The first problem is that the POI has zero legal authority to interpret regulations regarding rest, duty or the price of tea in china. He or she may think they do, but they do not. In the end, the POI can write a book to you telling you it's legal to be on call 24/7, but when the judge suspends your certificate he won't care if it was written on gold paper and blessed by the Pope himself.

The second problem is the "jackass"...sorta. Once you're on call, you are not at rest...but you are not on duty necessarily. You can be neither at rest nor on duty. One of those times would be travel (not local in nature).

However, "jackass" may have a valid concern.

Originally Posted by rafdebden View Post
If the pager doesn't go off until 1700(sucks, hour before we're off call, but oh well), then we go ON Duty at 1700 until we get back, then were OFF for 10 hours.
Regarding this.

Remember, for 135 on-demand, the FAA doesn't care about, nor do they address "duty" in the regs (For pilots). All they care about is flight time (8 or 10 hours) and rest.

At all times, you must be able to look back 24 hours (from this second) and at some point see 10 consecutive hours of rest. Now, your company seems to do rest the proper way. On-call is not rest. Doing jepps is not rest. Cleaning the plane is not rest. Yadda yadda.

However, if you are required to be available for duty should duty arise (that may be word-for-word out of the legal interpretation) at (for example) 0600 in case a pager goes off, then the last time you may legally perform a duty for the certificate holder is 2000.

24 (hours /day) - 10 (hours rest) = 14 (hours available for a duty). 0600+1400=2000.

If the pager goes off at 1700, you need to be back in rest by 2000 regardless of where the pax are, where you are and what you're trying to accomplish. Late pax/cargo/bla bla, are not excuses for violating your rest regulation.

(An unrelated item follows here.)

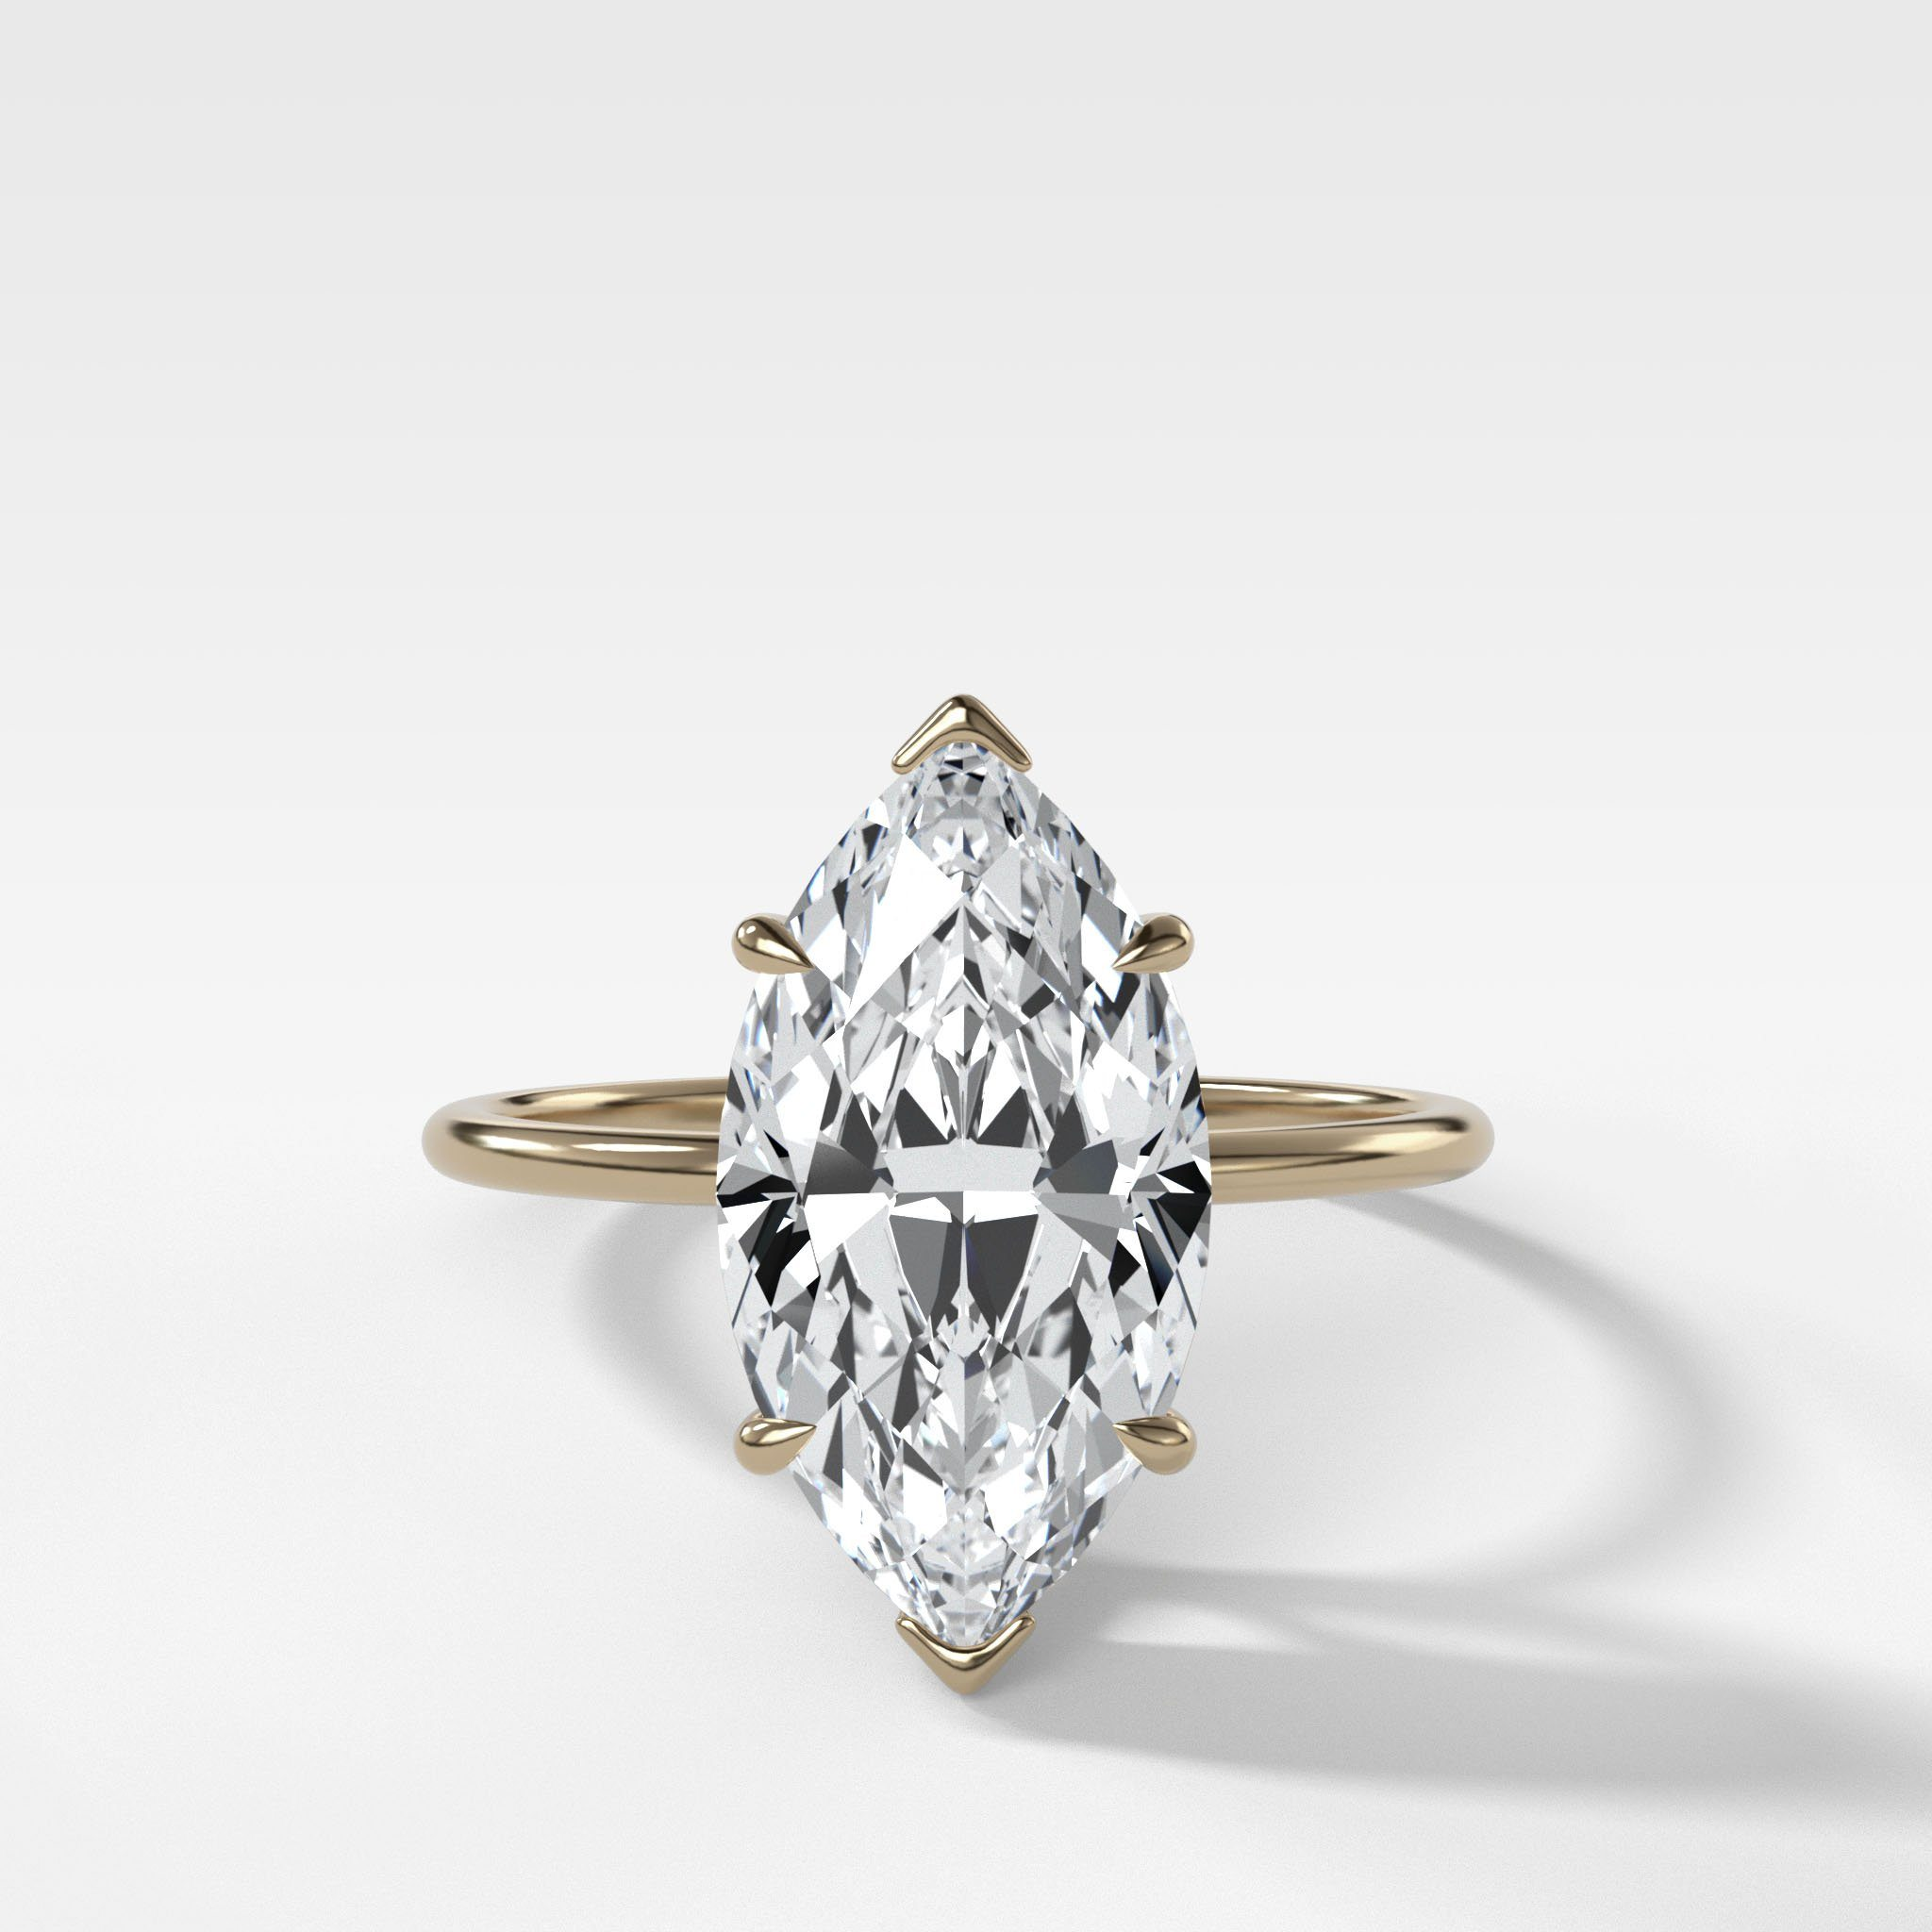 GOODSTONE Thin and simple solitaire marquise engagement ring

So, if that's where "jackass"'s concern is coming from, he's right...and so is the POI. The chief counsel (the ones with legal authority to interpret regulations that the judge will use to revoke/suspend your certificate) says so. I think the Whitlow letter covers some of it and there was also a 2009 interpretation that discussed it also.

Here ya go.
"Section 135.267(d) requires that flight crewmembers must have at least 10 consecutive hours of rest during the 24-hour period preceding the planned completion time of an assignment made under § 135.267(b). A rest period must be (1) continuous, (2) determined prospectively (i.e., known in advance), and (3) free from all restraint by the certificate holder, including freedom from work or freedom from present responsibility for work should the occasion arise."

Emphasis mine.

From

http://www.faa.gov/about/office_org/...2009/Berry.pdf

10 hours of rest within 24 hours of the planned completion time of the duty assignment. If you're on the pager, you are not at rest.